[SQL] Hackerrank Challenges

in Data on Sql, With


Hackerrank Challenges

1. 문제

Julia asked her students to create some coding challenges. Write a query to print the hacker_id, name, and the total number of challenges created by each student. Sort your results by the total number of challenges in descending order. If more than one student created the same number of challenges, then sort the result by hacker_id.

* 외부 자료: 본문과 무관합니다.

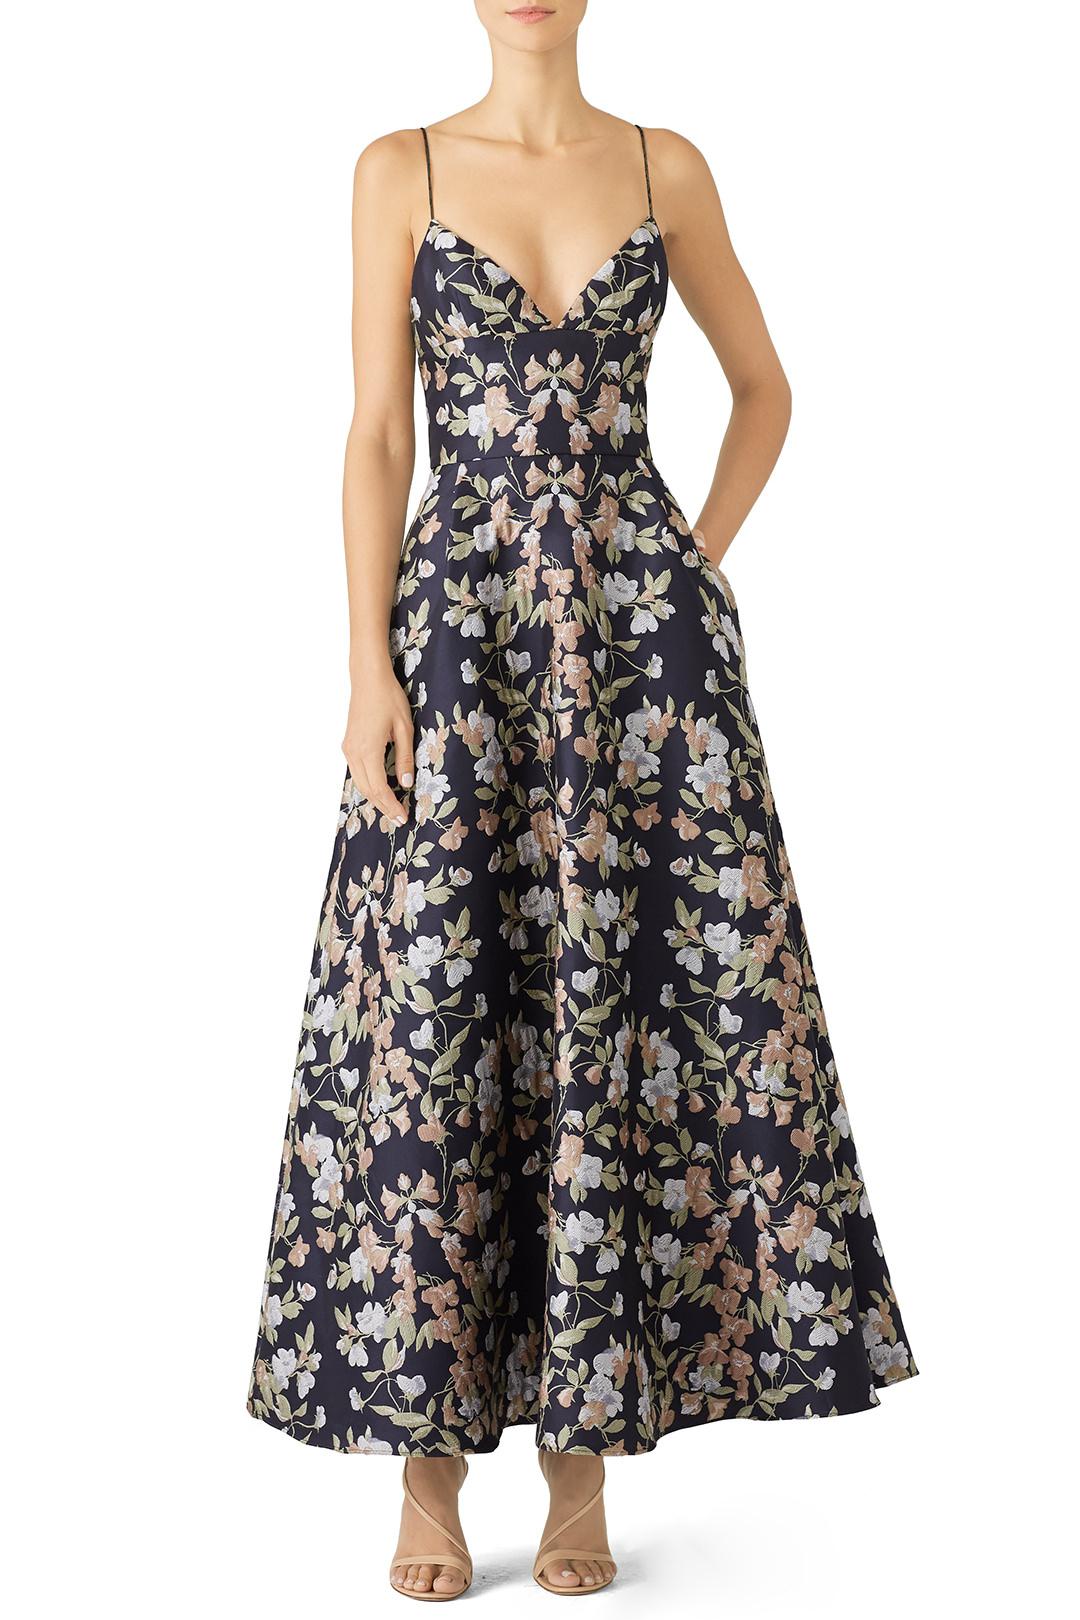 Monique Lhuillier Garden Jacquard Gown - $!05.00-$115.00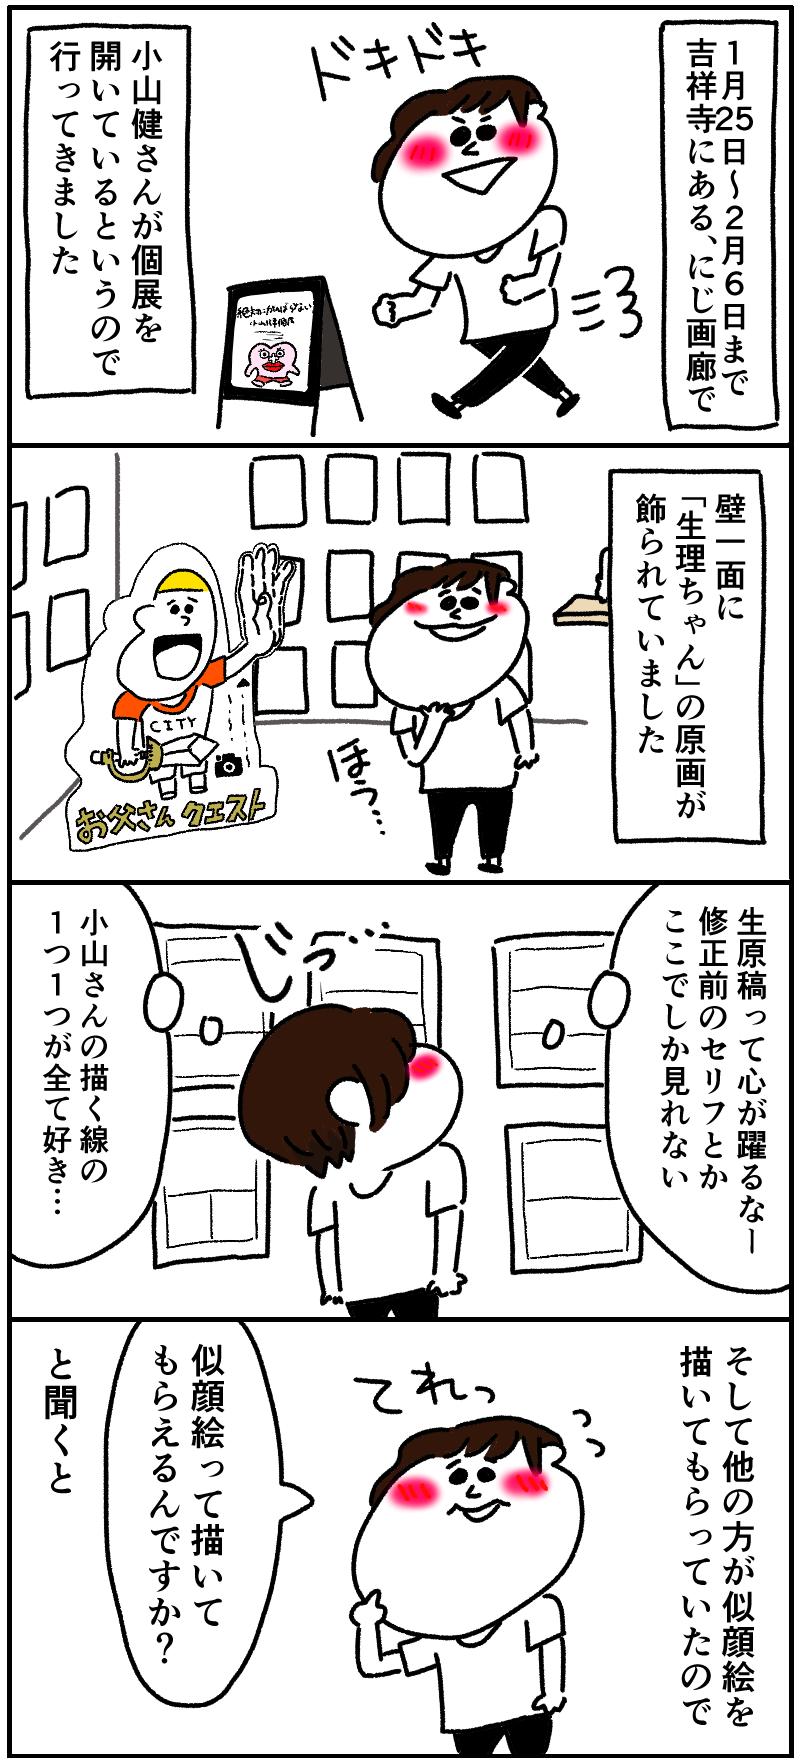 小山健さんの個展「絶対にがんばらない」に行ってきた話_f0346353_21085919.png

If more than one student created the same number of challenges and the count is less than the maximum number of challenges created, then exclude those students from the result.

Hackers : The hacker_id is the id of the hacker, and name is the name of the hacker.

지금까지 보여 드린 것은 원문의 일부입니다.